** Data to examine follows **
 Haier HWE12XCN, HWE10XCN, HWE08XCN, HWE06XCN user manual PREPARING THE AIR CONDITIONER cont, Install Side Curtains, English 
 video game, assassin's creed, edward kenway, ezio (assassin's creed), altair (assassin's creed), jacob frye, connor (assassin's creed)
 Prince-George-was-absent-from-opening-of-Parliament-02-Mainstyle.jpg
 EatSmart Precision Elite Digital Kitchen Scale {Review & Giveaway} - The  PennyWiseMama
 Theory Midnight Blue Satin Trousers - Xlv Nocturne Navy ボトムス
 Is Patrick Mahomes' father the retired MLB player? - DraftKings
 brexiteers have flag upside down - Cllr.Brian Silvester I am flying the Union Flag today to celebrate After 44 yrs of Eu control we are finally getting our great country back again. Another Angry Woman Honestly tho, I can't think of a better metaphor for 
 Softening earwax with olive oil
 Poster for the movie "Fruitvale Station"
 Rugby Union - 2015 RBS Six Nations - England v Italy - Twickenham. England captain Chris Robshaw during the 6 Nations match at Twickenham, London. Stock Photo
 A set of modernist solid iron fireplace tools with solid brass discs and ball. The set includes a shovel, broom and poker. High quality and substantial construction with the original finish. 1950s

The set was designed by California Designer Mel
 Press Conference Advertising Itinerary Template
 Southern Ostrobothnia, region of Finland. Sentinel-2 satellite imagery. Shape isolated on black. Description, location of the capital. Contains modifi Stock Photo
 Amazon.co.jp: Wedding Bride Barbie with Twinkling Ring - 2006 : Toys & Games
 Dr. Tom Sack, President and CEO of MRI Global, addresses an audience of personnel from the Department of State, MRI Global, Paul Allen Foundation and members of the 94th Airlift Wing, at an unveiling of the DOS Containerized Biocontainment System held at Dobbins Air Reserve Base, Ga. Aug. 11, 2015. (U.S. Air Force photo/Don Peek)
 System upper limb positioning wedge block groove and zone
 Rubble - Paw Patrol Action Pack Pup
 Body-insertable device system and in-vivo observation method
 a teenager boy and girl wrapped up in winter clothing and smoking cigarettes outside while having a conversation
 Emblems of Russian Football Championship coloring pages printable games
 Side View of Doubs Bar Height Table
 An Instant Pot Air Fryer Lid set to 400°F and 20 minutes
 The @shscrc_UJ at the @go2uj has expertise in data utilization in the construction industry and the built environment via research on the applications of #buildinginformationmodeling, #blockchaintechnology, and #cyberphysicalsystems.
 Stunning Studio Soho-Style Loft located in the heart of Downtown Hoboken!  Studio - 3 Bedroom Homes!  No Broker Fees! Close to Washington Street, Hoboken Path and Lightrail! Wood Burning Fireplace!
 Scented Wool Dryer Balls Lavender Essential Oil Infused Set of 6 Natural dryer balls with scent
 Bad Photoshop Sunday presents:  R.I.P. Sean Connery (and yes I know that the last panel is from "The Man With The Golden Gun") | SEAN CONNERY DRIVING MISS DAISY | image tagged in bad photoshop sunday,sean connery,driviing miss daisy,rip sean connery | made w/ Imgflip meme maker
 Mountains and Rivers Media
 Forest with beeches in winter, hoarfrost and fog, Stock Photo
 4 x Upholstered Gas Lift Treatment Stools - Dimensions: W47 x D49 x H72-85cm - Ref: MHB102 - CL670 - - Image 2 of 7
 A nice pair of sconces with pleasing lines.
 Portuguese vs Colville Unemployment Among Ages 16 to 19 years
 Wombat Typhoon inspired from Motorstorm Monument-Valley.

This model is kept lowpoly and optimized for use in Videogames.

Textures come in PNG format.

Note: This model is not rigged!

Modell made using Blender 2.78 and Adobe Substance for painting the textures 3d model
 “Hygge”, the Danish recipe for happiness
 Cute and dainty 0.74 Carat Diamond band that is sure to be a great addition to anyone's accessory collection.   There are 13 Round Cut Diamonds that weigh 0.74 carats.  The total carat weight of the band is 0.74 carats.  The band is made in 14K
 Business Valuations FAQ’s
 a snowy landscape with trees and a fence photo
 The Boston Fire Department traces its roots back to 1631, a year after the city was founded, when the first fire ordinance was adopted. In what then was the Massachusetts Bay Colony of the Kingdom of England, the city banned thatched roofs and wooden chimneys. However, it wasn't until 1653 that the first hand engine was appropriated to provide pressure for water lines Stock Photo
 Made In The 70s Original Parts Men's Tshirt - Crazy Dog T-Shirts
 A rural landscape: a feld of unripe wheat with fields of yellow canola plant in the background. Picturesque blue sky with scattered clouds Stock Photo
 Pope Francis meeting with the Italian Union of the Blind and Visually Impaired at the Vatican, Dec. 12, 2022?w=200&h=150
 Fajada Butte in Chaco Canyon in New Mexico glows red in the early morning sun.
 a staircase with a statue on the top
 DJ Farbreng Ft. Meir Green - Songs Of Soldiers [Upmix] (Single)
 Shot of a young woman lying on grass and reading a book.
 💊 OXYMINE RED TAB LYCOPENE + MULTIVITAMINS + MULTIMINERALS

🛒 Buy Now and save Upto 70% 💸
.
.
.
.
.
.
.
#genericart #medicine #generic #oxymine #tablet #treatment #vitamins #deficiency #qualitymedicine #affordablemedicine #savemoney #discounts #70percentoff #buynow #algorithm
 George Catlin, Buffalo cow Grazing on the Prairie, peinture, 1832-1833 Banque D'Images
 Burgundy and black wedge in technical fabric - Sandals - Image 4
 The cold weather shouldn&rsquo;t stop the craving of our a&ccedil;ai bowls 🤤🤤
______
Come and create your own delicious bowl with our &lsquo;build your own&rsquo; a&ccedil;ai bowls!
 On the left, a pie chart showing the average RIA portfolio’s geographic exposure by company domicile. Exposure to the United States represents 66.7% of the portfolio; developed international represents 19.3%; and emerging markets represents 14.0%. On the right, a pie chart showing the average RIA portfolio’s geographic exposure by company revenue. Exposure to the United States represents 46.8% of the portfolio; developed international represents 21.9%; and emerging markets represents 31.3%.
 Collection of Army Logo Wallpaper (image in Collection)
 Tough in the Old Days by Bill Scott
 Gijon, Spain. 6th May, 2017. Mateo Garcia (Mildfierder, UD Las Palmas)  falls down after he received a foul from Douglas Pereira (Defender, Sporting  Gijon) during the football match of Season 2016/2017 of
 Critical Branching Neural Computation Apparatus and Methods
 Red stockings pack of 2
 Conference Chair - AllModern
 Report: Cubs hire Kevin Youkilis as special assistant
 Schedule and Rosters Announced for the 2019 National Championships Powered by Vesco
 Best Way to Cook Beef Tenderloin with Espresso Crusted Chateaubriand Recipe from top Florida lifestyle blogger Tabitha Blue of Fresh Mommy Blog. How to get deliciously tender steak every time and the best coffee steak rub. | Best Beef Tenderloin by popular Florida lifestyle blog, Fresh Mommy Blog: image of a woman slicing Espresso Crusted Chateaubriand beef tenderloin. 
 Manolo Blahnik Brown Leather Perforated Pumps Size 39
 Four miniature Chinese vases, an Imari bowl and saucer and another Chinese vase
** End of Data to examine **
- Problem description:
Retype all the data, keeping every character the same.

- Problem solution:
 Haier HWE12XCN, HWE10XCN, HWE08XCN, HWE06XCN user manual PREPARING THE AIR CONDITIONER cont, Install Side Curtains, English 
 video game, assassin's creed, edward kenway, ezio (assassin's creed), altair (assassin's creed), jacob frye, connor (assassin's creed)
 Prince-George-was-absent-from-opening-of-Parliament-02-Mainstyle.jpg
 EatSmart Precision Elite Digital Kitchen Scale {Review & Giveaway} - The  PennyWiseMama
 Theory Midnight Blue Satin Trousers - Xlv Nocturne Navy ボトムス
 Is Patrick Mahomes' father the retired MLB player? - DraftKings
 brexiteers have flag upside down - Cllr.Brian Silvester I am flying the Union Flag today to celebrate After 44 yrs of Eu control we are finally getting our great country back again. Another Angry Woman Honestly tho, I can't think of a better metaphor for 
 Softening earwax with olive oil
 Poster for the movie "Fruitvale Station"
 Rugby Union - 2015 RBS Six Nations - England v Italy - Twickenham. England captain Chris Robshaw during the 6 Nations match at Twickenham, London. Stock Photo
 A set of modernist solid iron fireplace tools with solid brass discs and ball. The set includes a shovel, broom and poker. High quality and substantial construction with the original finish. 1950s

The set was designed by California Designer Mel
 Press Conference Advertising Itinerary Template
 Southern Ostrobothnia, region of Finland. Sentinel-2 satellite imagery. Shape isolated on black. Description, location of the capital. Contains modifi Stock Photo
 Amazon.co.jp: Wedding Bride Barbie with Twinkling Ring - 2006 : Toys & Games
 Dr. Tom Sack, President and CEO of MRI Global, addresses an audience of personnel from the Department of State, MRI Global, Paul Allen Foundation and members of the 94th Airlift Wing, at an unveiling of the DOS Containerized Biocontainment System held at Dobbins Air Reserve Base, Ga. Aug. 11, 2015. (U.S. Air Force photo/Don Peek)
 System upper limb positioning wedge block groove and zone
 Rubble - Paw Patrol Action Pack Pup
 Body-insertable device system and in-vivo observation method
 a teenager boy and girl wrapped up in winter clothing and smoking cigarettes outside while having a conversation
 Emblems of Russian Football Championship coloring pages printable games
 Side View of Doubs Bar Height Table
 An Instant Pot Air Fryer Lid set to 400°F and 20 minutes
 The @shscrc_UJ at the @go2uj has expertise in data utilization in the construction industry and the built environment via research on the applications of #buildinginformationmodeling, #blockchaintechnology, and #cyberphysicalsystems.
 Stunning Studio Soho-Style Loft located in the heart of Downtown Hoboken!  Studio - 3 Bedroom Homes!  No Broker Fees! Close to Washington Street, Hoboken Path and Lightrail! Wood Burning Fireplace!
 Scented Wool Dryer Balls Lavender Essential Oil Infused Set of 6 Natural dryer balls with scent
 Bad Photoshop Sunday presents:  R.I.P. Sean Connery (and yes I know that the last panel is from "The Man With The Golden Gun") | SEAN CONNERY DRIVING MISS DAISY | image tagged in bad photoshop sunday,sean connery,driviing miss daisy,rip sean connery | made w/ Imgflip meme maker
 Mountains and Rivers Media
 Forest with beeches in winter, hoarfrost and fog, Stock Photo
 4 x Upholstered Gas Lift Treatment Stools - Dimensions: W47 x D49 x H72-85cm - Ref: MHB102 - CL670 - - Image 2 of 7
 A nice pair of sconces with pleasing lines.
 Portuguese vs Colville Unemployment Among Ages 16 to 19 years
 Wombat Typhoon inspired from Motorstorm Monument-Valley.

This model is kept lowpoly and optimized for use in Videogames.

Textures come in PNG format.

Note: This model is not rigged!

Modell made using Blender 2.78 and Adobe Substance for painting the textures 3d model
 “Hygge”, the Danish recipe for happiness
 Cute and dainty 0.74 Carat Diamond band that is sure to be a great addition to anyone's accessory collection.   There are 13 Round Cut Diamonds that weigh 0.74 carats.  The total carat weight of the band is 0.74 carats.  The band is made in 14K
 Business Valuations FAQ’s
 a snowy landscape with trees and a fence photo
 The Boston Fire Department traces its roots back to 1631, a year after the city was founded, when the first fire ordinance was adopted. In what then was the Massachusetts Bay Colony of the Kingdom of England, the city banned thatched roofs and wooden chimneys. However, it wasn't until 1653 that the first hand engine was appropriated to provide pressure for water lines Stock Photo
 Made In The 70s Original Parts Men's Tshirt - Crazy Dog T-Shirts
 A rural landscape: a feld of unripe wheat with fields of yellow canola plant in the background. Picturesque blue sky with scattered clouds Stock Photo
 Pope Francis meeting with the Italian Union of the Blind and Visually Impaired at the Vatican, Dec. 12, 2022?w=200&h=150
 Fajada Butte in Chaco Canyon in New Mexico glows red in the early morning sun.
 a staircase with a statue on the top
 DJ Farbreng Ft. Meir Green - Songs Of Soldiers [Upmix] (Single)
 Shot of a young woman lying on grass and reading a book.
 💊 OXYMINE RED TAB LYCOPENE + MULTIVITAMINS + MULTIMINERALS

🛒 Buy Now and save Upto 70% 💸
.
.
.
.
.
.
.
#genericart #medicine #generic #oxymine #tablet #treatment #vitamins #deficiency #qualitymedicine #affordablemedicine #savemoney #discounts #70percentoff #buynow #algorithm
 George Catlin, Buffalo cow Grazing on the Prairie, peinture, 1832-1833 Banque D'Images
 Burgundy and black wedge in technical fabric - Sandals - Image 4
 The cold weather shouldn&rsquo;t stop the craving of our a&ccedil;ai bowls 🤤🤤
______
Come and create your own delicious bowl with our &lsquo;build your own&rsquo; a&ccedil;ai bowls!
 On the left, a pie chart showing the average RIA portfolio’s geographic exposure by company domicile. Exposure to the United States represents 66.7% of the portfolio; developed international represents 19.3%; and emerging markets represents 14.0%. On the right, a pie chart showing the average RIA portfolio’s geographic exposure by company revenue. Exposure to the United States represents 46.8% of the portfolio; developed international represents 21.9%; and emerging markets represents 31.3%.
 Collection of Army Logo Wallpaper (image in Collection)
 Tough in the Old Days by Bill Scott
 Gijon, Spain. 6th May, 2017. Mateo Garcia (Mildfierder, UD Las Palmas)  falls down after he received a foul from Douglas Pereira (Defender, Sporting  Gijon) during the football match of Season 2016/2017 of
 Critical Branching Neural Computation Apparatus and Methods
 Red stockings pack of 2
 Conference Chair - AllModern
 Report: Cubs hire Kevin Youkilis as special assistant
 Schedule and Rosters Announced for the 2019 National Championships Powered by Vesco
 Best Way to Cook Beef Tenderloin with Espresso Crusted Chateaubriand Recipe from top Florida lifestyle blogger Tabitha Blue of Fresh Mommy Blog. How to get deliciously tender steak every time and the best coffee steak rub. | Best Beef Tenderloin by popular Florida lifestyle blog, Fresh Mommy Blog: image of a woman slicing Espresso Crusted Chateaubriand beef tenderloin. 
 Manolo Blahnik Brown Leather Perforated Pumps Size 39
 Four miniature Chinese vases, an Imari bowl and saucer and another Chinese vase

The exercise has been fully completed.